How to find a checksum of the same checksum? (job-interview question)

2022-12-25 10:06 问答作者：

Devise a simple algorithm which creates a file which contains nothing but its own chec开发者_Go百科ksum.

Let's say it is CRC-32, so this file must be 4 bytes long.

There might be some smart mathematical way of finding it out (or proving that none exists), if you know how the algorithm works.

But since I'm lazy and CRC32 has only 2^32 values, I would brute force it. While waiting for the algorithm to go through all 2^32 values, I would use Google and Stack Overflow to find whether somebody has a solution to it.

In case of SHA-1, MD5 and other more-or-less cryptographically secure algorithms, I would get intimidated by the mathematicians who designed those algorithms and just give up.

EDIT 1: Brute forcing... This far I've found one; CC4FBB6A in big-endian encoding. There might still be more. I'm checking 4 different encodings: ASCII uppercase and lowercase, and binary big-endian and little-endian.
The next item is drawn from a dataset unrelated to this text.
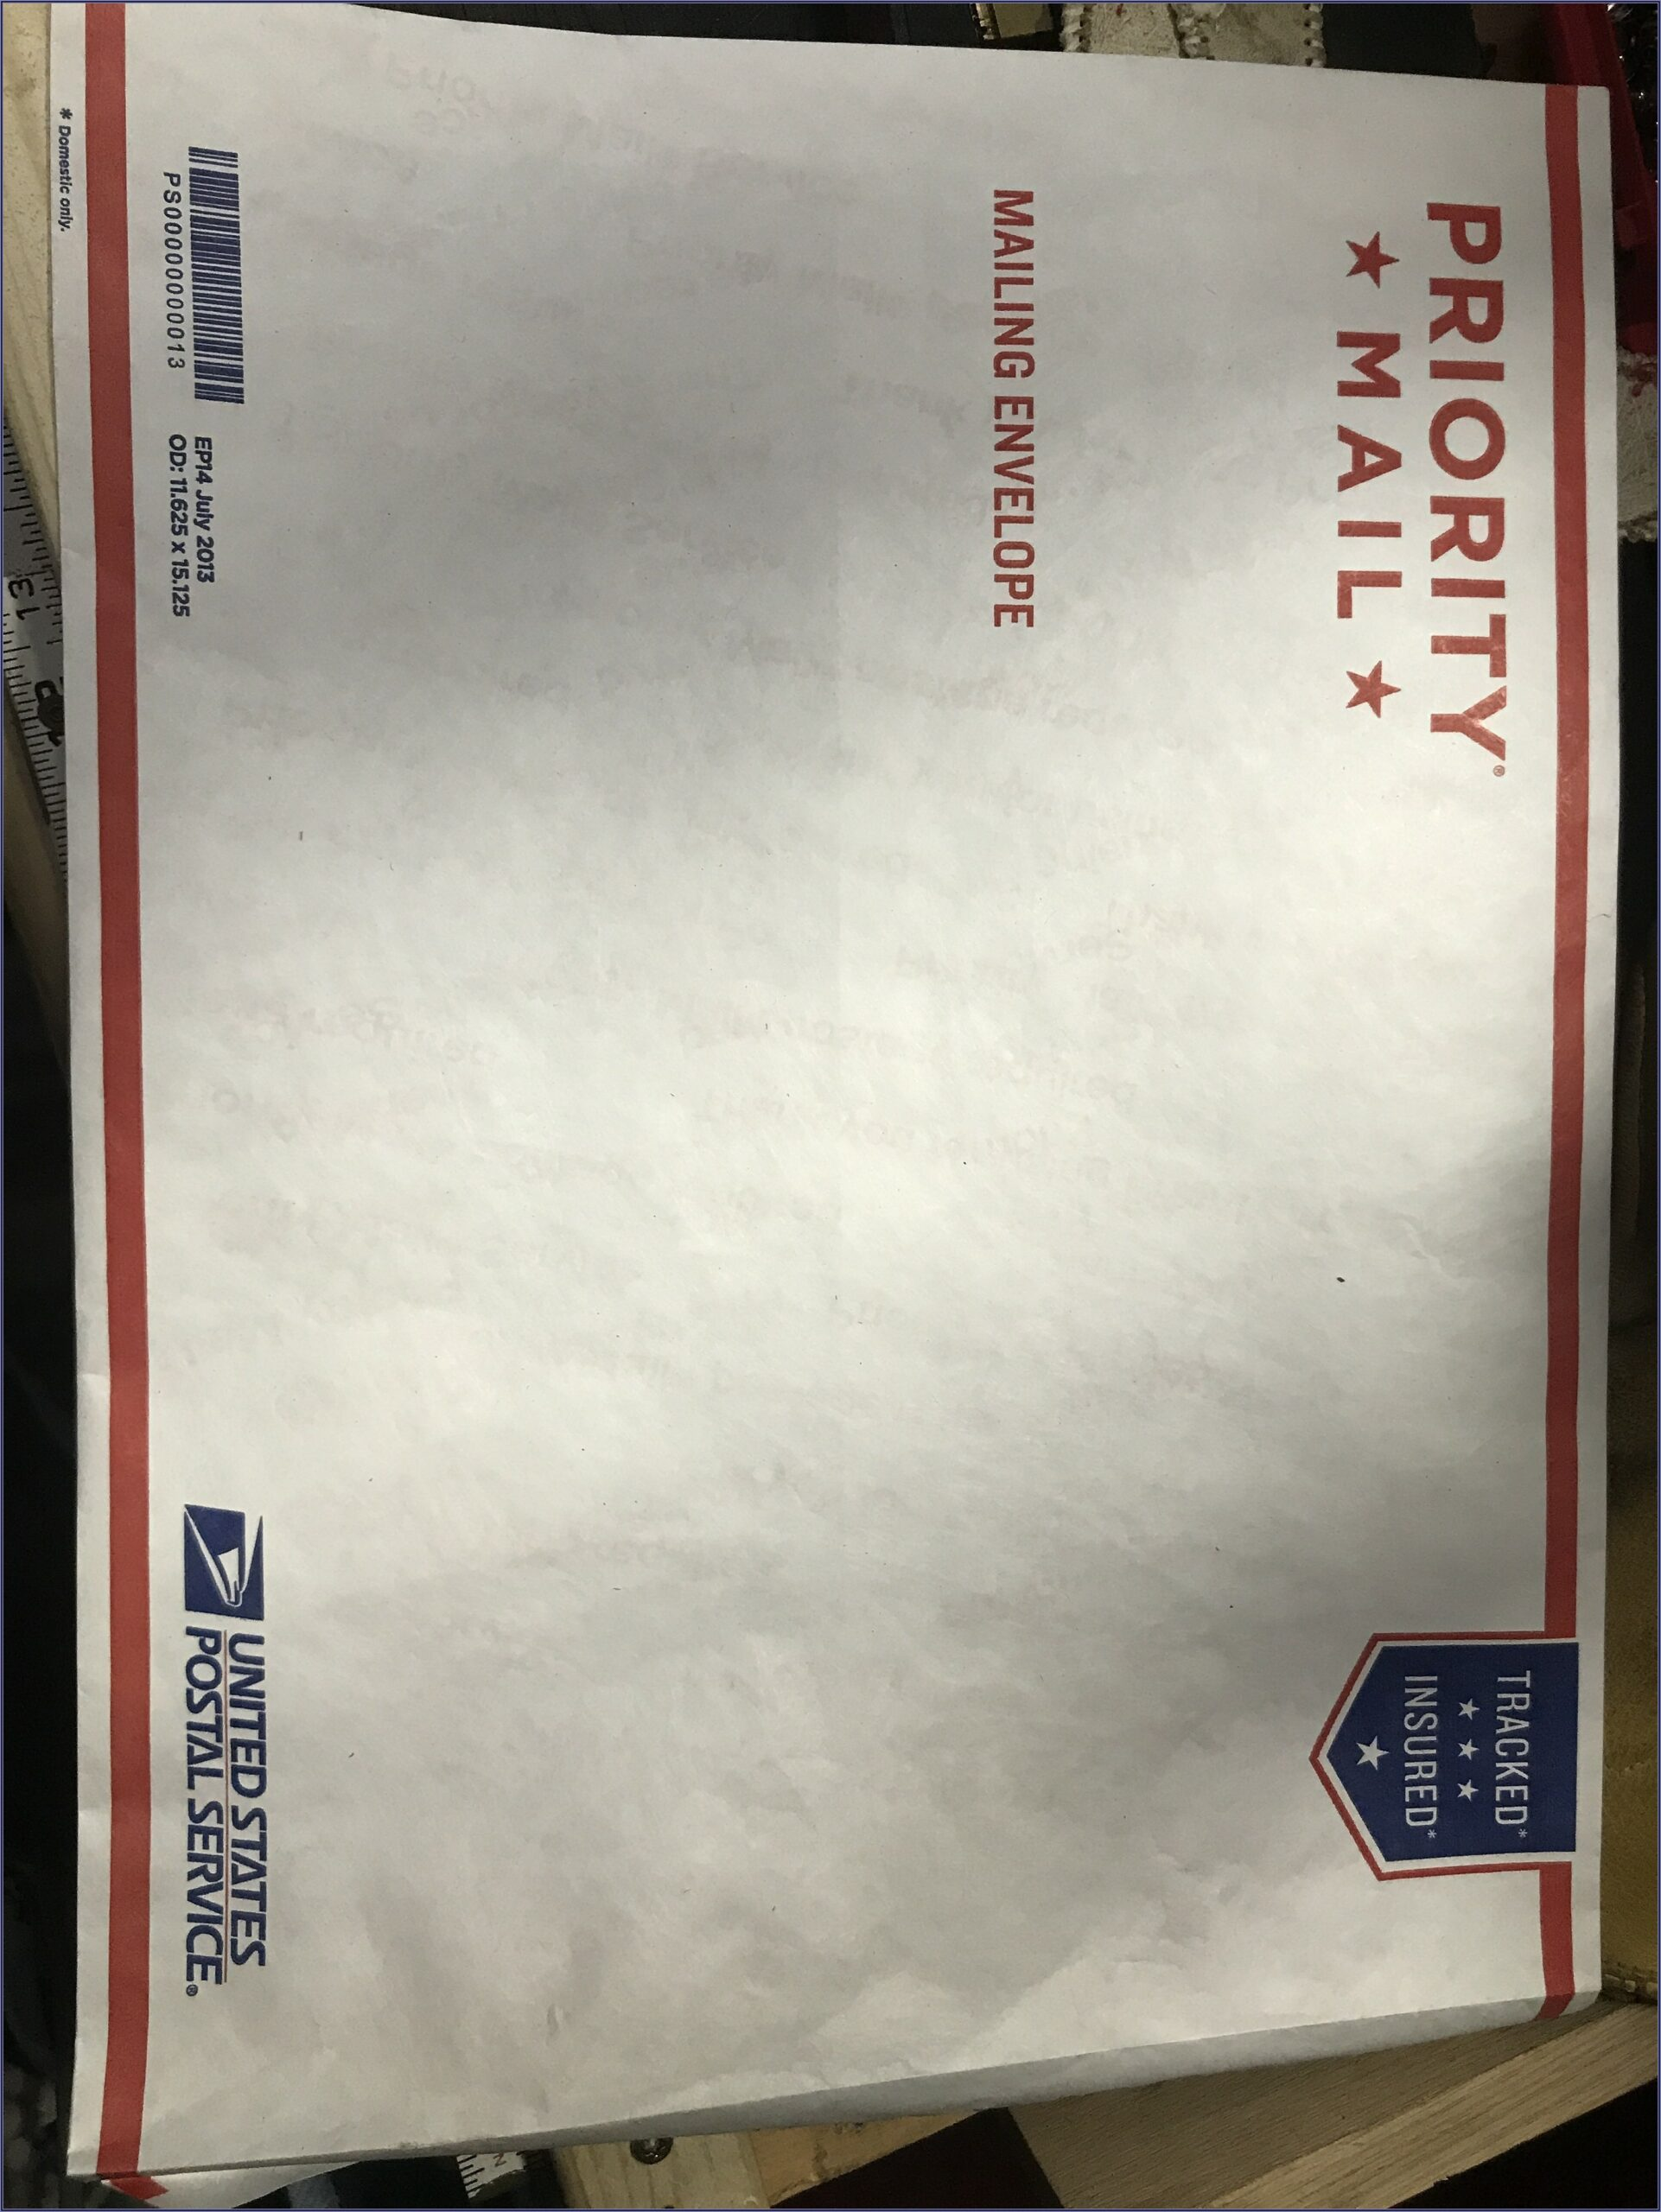 Usps Flat Rate Envelope Sizes

EDIT 2: Brute force done. Here are the results:

CC4FBB6A (big-endian)
FFFFFFFF (big-endian & little-endian)
32F3B737 (uppercase ASCII)

The code is here. On my overclocked C2Q6600 that takes about 1.5 hours to run. Now that program is single-threaded, but it would be easy to make it multi-threaded, which would give a nice linear scalability.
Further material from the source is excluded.